What to produce:
Repeat each line of the material below exactly as it appears, minus any pictures.

Supplied material:
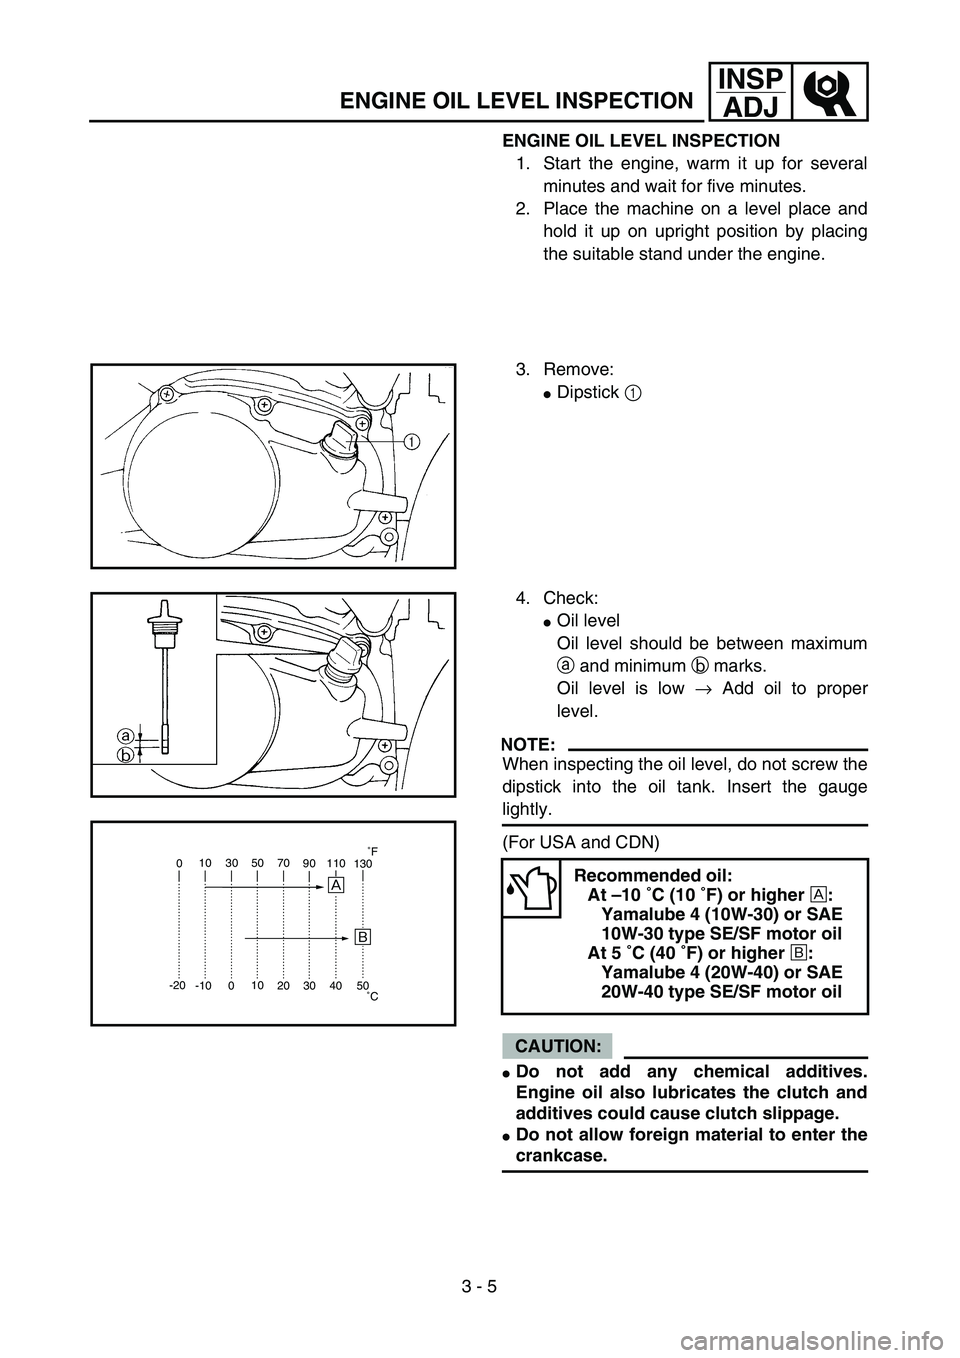 YAMAHA TTR90 2004  Owners Manual  
3 - 5
INSP
ADJ
 
ENGINE OIL LEVEL INSPECTION 
1. Start the engine, warm it up for several
minutes and wait for five minutes.
2. Place the machine on a level place and
hold it up on upright position

Written reply:
 YAMAHA TTR90 2004  Owners Manual  
3 - 5
INSP
ADJ
 
ENGINE OIL LEVEL INSPECTION 
1. Start the engine, warm it up for several
minutes and wait for five minutes.
2. Place the machine on a level place and
hold it up on upright position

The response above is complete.